Anti-Pattern: Leaking Parent State to Child
When a parent passes its own status flags to a child via input, the child becomes coupled to the parent's lifecycle:
··· 1 hidden line
// Anti-pattern: parent passes its own state to child
'awaiting_payment' => [
'machine' => 'PaymentMachine',
'input' => ['orderId', 'orderTotal', 'orderStatus'], // ← parent state leaked
'@done' => 'shipping',
'@fail' => 'failed',
],
··· 1 hidden line
use Tarfinlabs\EventMachine\Behavior\ActionBehavior;
use Tarfinlabs\EventMachine\ContextManager;
// Anti-pattern: child reads parent state to decide behavior
class CapturePaymentAction extends ActionBehavior
{
public function __invoke(ContextManager $context): void
{
// Child uses parent's order_status — tight coupling
if ($context->get('orderStatus') === 'cancelled') {
return;
}
// ... capture logic ...
}
}The child should not care whether the order is cancelled. That is the parent's concern.
Fix: Parent Handles Its Own Concerns
Pass only payment-relevant data via input. Handle cancellation in the parent with an on transition:
··· 1 hidden line
// Parent handles cancellation — child only knows about payment
'awaiting_payment' => [
'machine' => 'PaymentMachine',
'input' => ['orderId', 'orderTotal'], // only payment-relevant data
'on' => ['ORDER_CANCELLED' => 'cancelled'],
'@done' => 'shipped',
'@fail' => 'failed',
],
··· 1 hidden line
If the parent receives ORDER_CANCELLED while the child is running, the parent transitions to cancelled directly. The child is cleaned up automatically. No coupling needed.
Takeaway: Pass only IDs and values the child needs via input -- never parent state or status flags. Commands flow down (machine, forward, sendTo), states flow up (@done, @done.{state}, sendToParent).
Design Your Child States for the Parent
A child machine's final states should tell the parent everything it needs to know. Use @done.{finalState} to route the parent based on which final state the child reached. Use output on final states to control which context keys the parent sees.
Anti-Pattern: Single Final State Hides Outcomes
When a child has only one final state, the parent cannot distinguish between different outcomes:
// Child: CreditCheckMachine — parent can't distinguish outcomes
'states' => [
'checking' => [...],
'completed' => ['type' => 'final'], // approved? rejected? bureau down?

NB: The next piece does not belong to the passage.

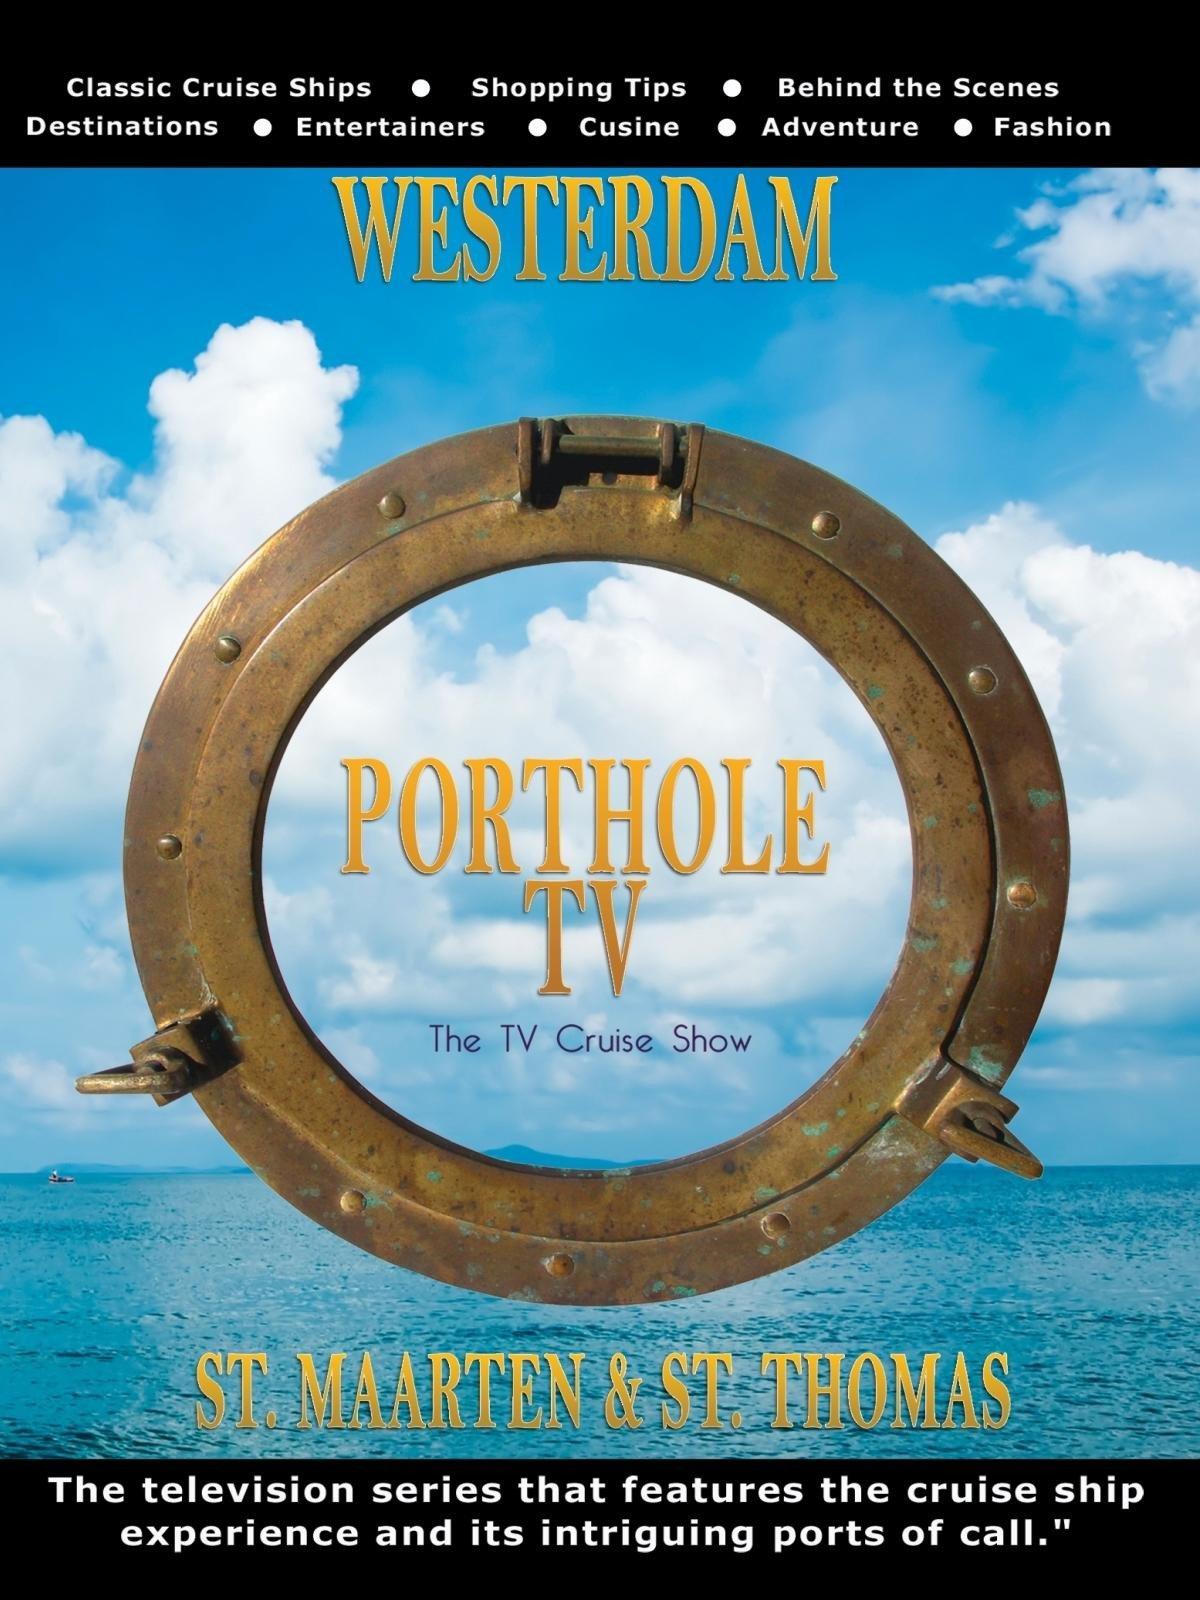 Porthole TV - Westerdam Ports: St. Maarten, St. Thomas on Amazon Prime Video UK
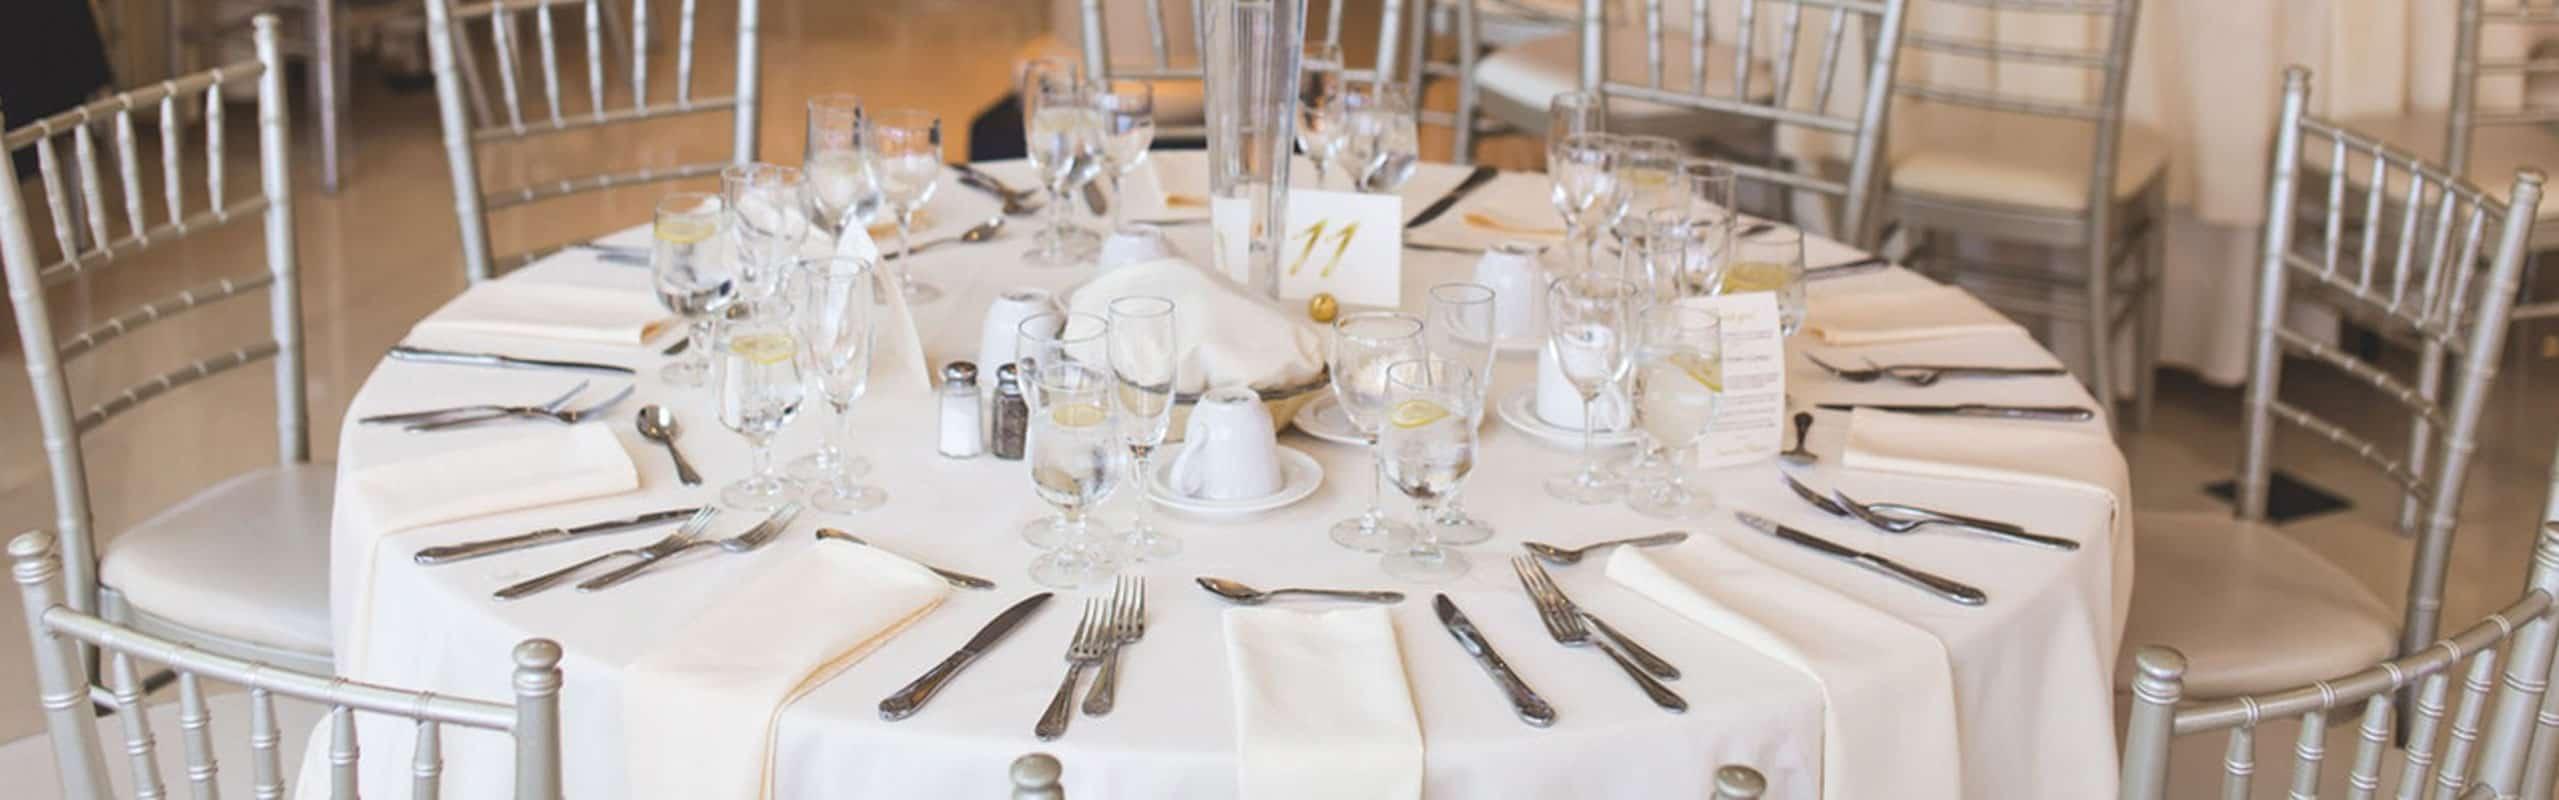 Conoce el menú de boda y todo lo que debes tener en cuenta

],// Parent: no way to route differently
'processing_credit' => [
'machine' => CreditCheckMachine::class,
'input' => ['applicantId'],
'@done' => 'credit_decision', // always same target, must read context
],The parent receives @done for every outcome and must inspect the child's context to decide what to do next. This is fragile -- if the child adds a new outcome, the parent's action must be updated.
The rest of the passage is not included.